- Directed by: Luigi Scattini
- Screenplay by: Leo Chiosso Gustavo Palazio
- Starring: Zeudi Araya Luc Merenda
- Cinematography: Antonio Borghesi
- Edited by: Luigi Scattini
- Music by: Piero Umiliani
- Release date: 1972;
- Language: Italian

= The Off-Road Girl =

1973 film by Luigi Scattini

The Off-Road Girl (La ragazza fuoristrada, also spelled La ragazza fuori strada) is a 1973 Italian romantic drama film directed by Luigi Scattini.

== Plot ==
Giorgio Martini, an advertising journalist on a story in Egypt, falls in love with Maryam, a beautiful Nubian girl. He takes her with him to Ferrara, introduces her to his parents, and, despite their hesitation, marries her. Maryam's naiveté, spontaneity, and sincerity burst forth in this provincial town, clashing with a hypocritical, petty, and racist environment. She then falls victim to the cruel trickery of the journalist's former lover and a prank played by two rejected friends. Giorgio, believing that Maryam has betrayed him, begins to neglect her. After having an abortion, she abandons him and returns to her people.

== Cast ==

- Zeudi Araya as Maryam
- Luc Merenda as Giorgio Martini
- Martine Brochard as Mara
- Lucretia Love as Adriana Morganti
- Giacomo Rossi Stuart as Dr. Giulio Morganti
- Caterina Boratto as Silvia Marino
- Tony Kendall as Carlo Franzero
- Franco Ressel as Pino Bordoni
- Guido Alberti as Monsignor Vittorio Baudano

== Production ==
The film was a co-production between Filmarpa and P.A.C. It was mainly shot in Ravenna.

== Reception ==
Antonio Guastella from Nocturno praised the film for focusing on the topic of racism in the Italian society, a non-obvious choice for the time especially in Italian genre films, and described it as "a Danse Macabre of small-town atmospheres and moods, which, despite its stereotopical nature [...], is well crafted and delivered with enjoyable gusto". La Stampa film critic Achille Valdata noted: "Entrusted to an actress who is still immature, though very promising and full of an instinctive charge of sympathy, the drama does not always come across as thorough and persuasive.
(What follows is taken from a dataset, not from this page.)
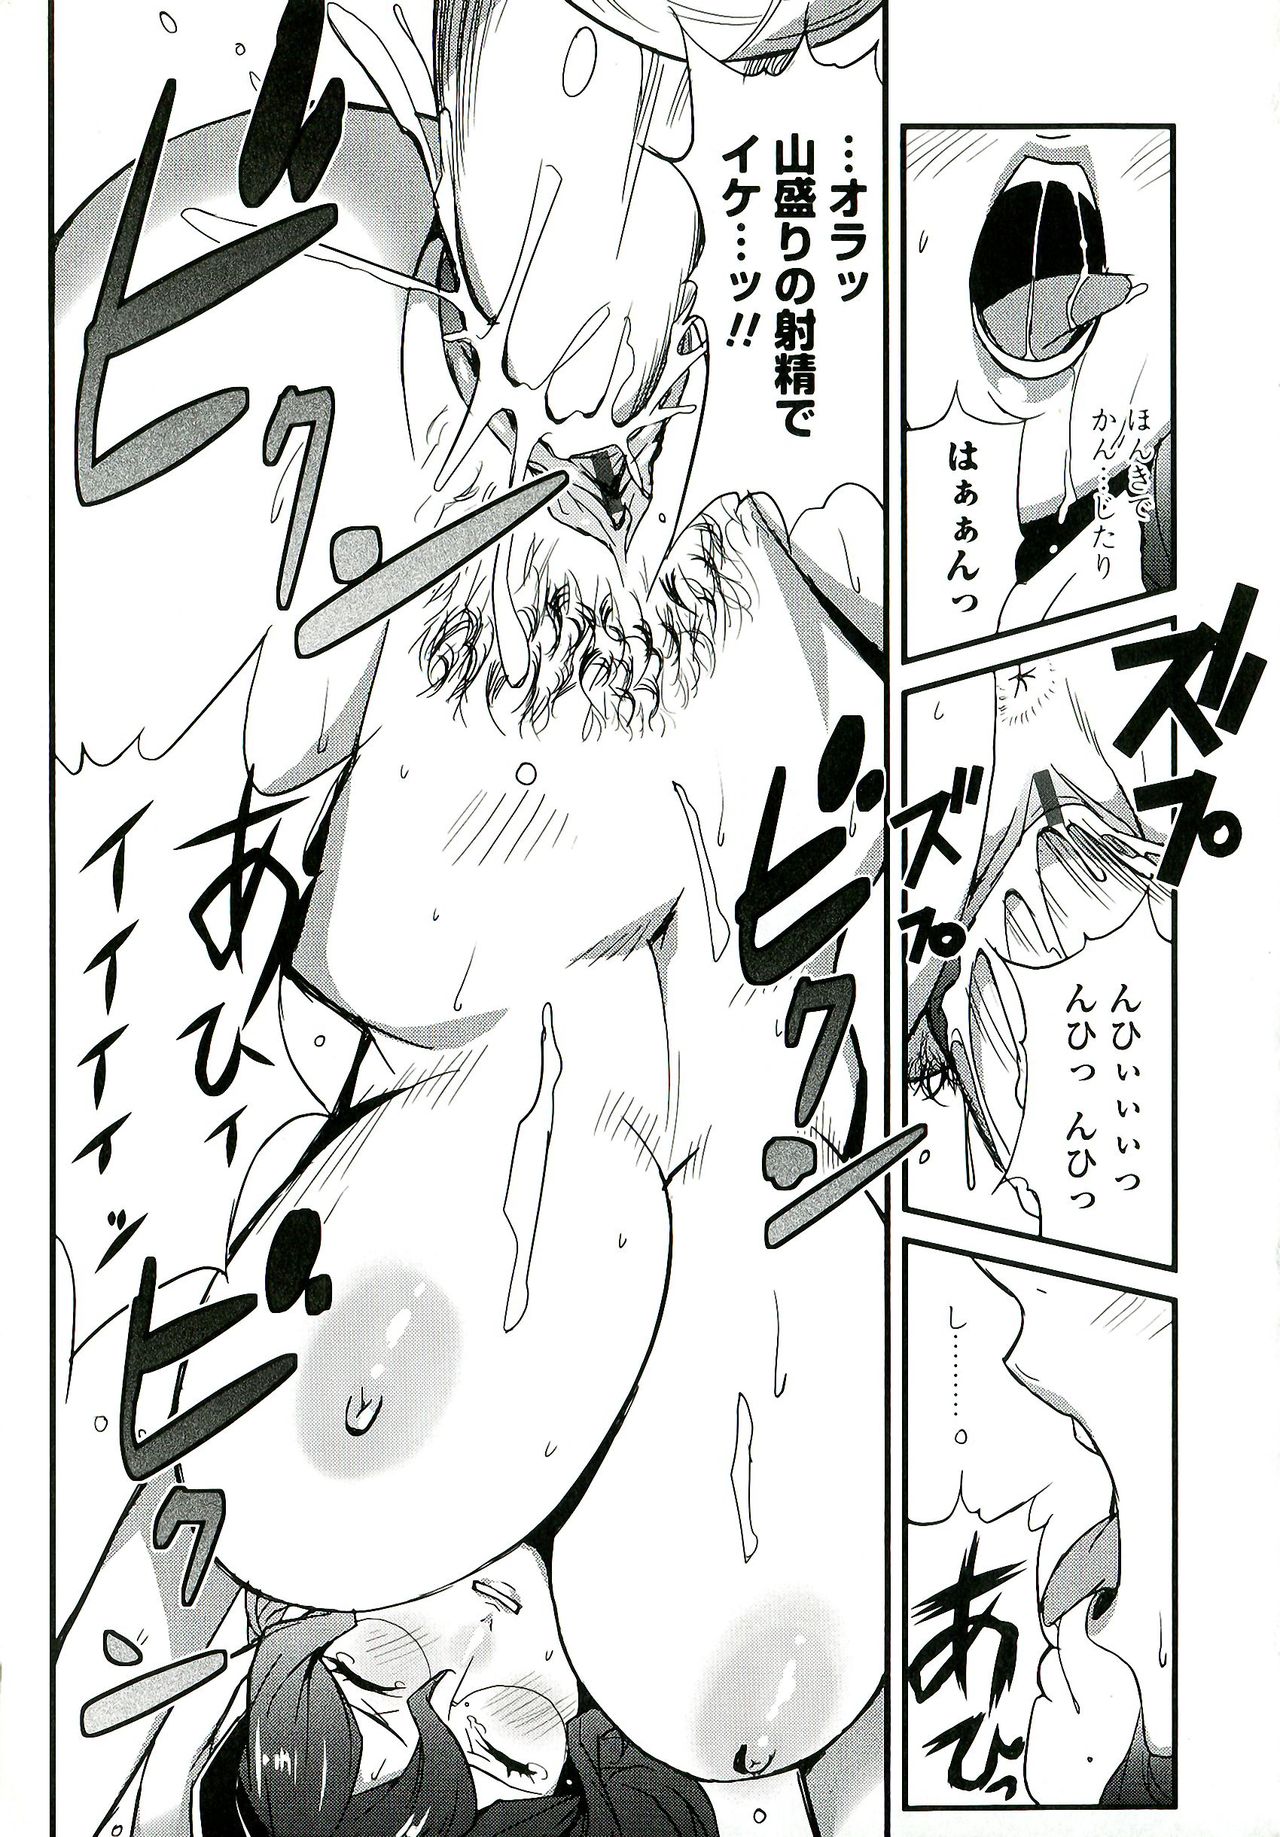 [Miura Takehiro] Nudism Zone [みうらたけひろ] Nudism Zone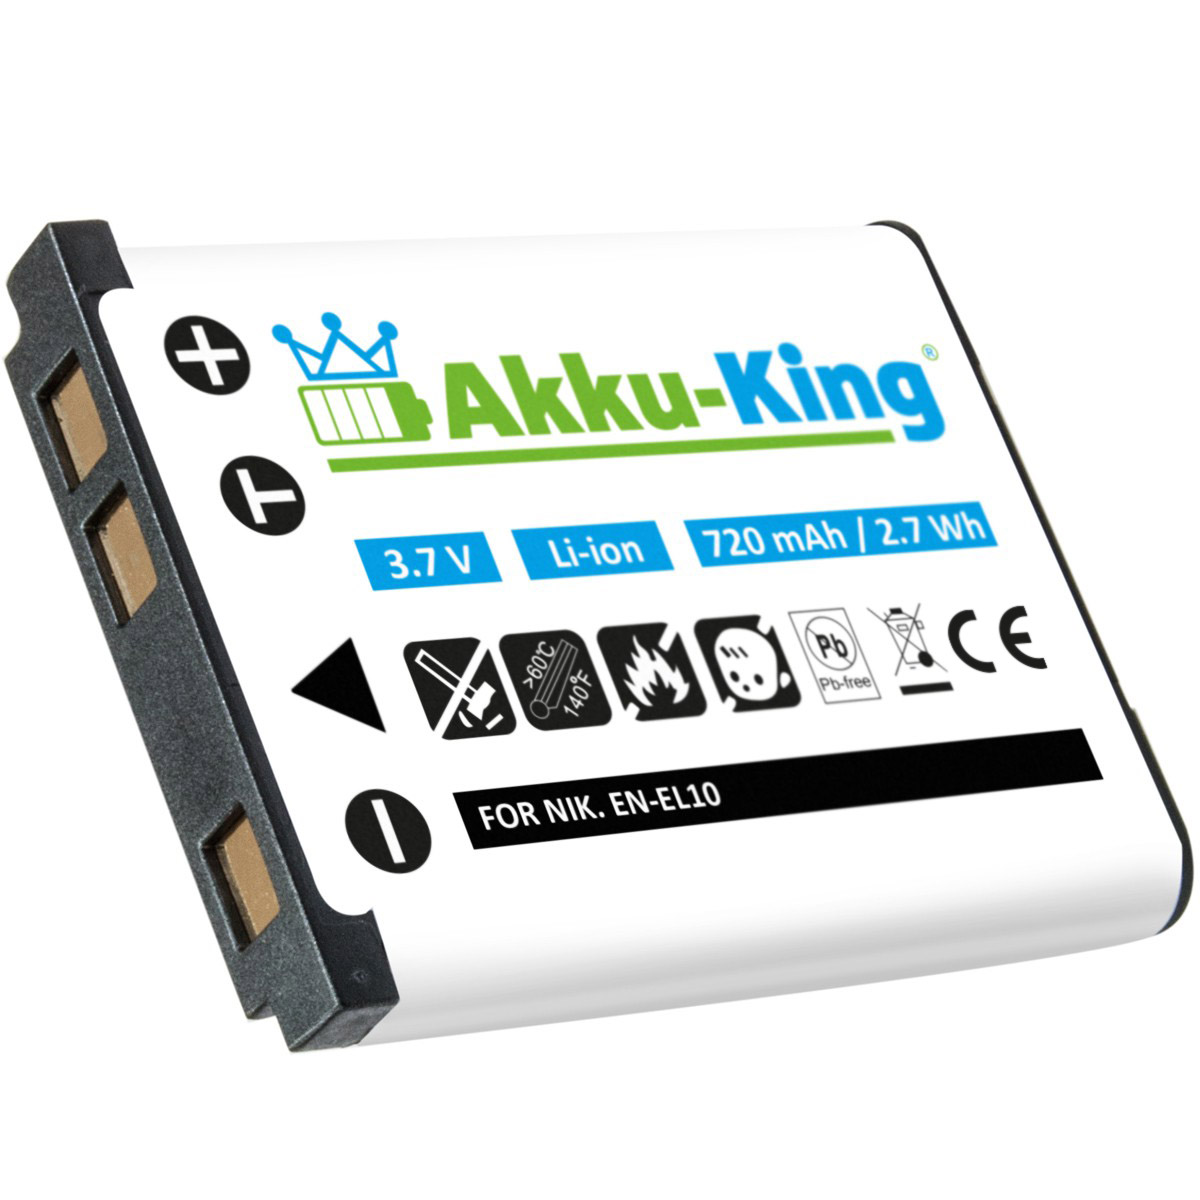 kompatibel Li-Ion AKKU-KING 3.7 Ricoh Akku Volt, 720mAh Kamera-Akku, mit DS-6365

The corrupt provincial society is depicted too crudely, so that it becomes bogus, as well as the psychological transitions are, in general, rather approximate".

== Soundtrack ==
In his analysis of Piero Umiliani's film scores, Kristopher Spencer described Umiliani's score for this film as well as for other Zeudi Araya's vehicles La ragazza dalla pelle di luna and The Body, as "a satisfying mélange of funky grooves, sensual ballads, jazz - rock abstractions and fun-in-the-sun capypso ditties". Araya performs two songs of the soundtrack, "Oltre l'acqua del fiume" and "Maryam". The soundtrack also include an Ornella Vanoni cover version of Bruno Lauzi's "Ritornerai", which was later also used in Nanni Moretti's The Mass Is Ended.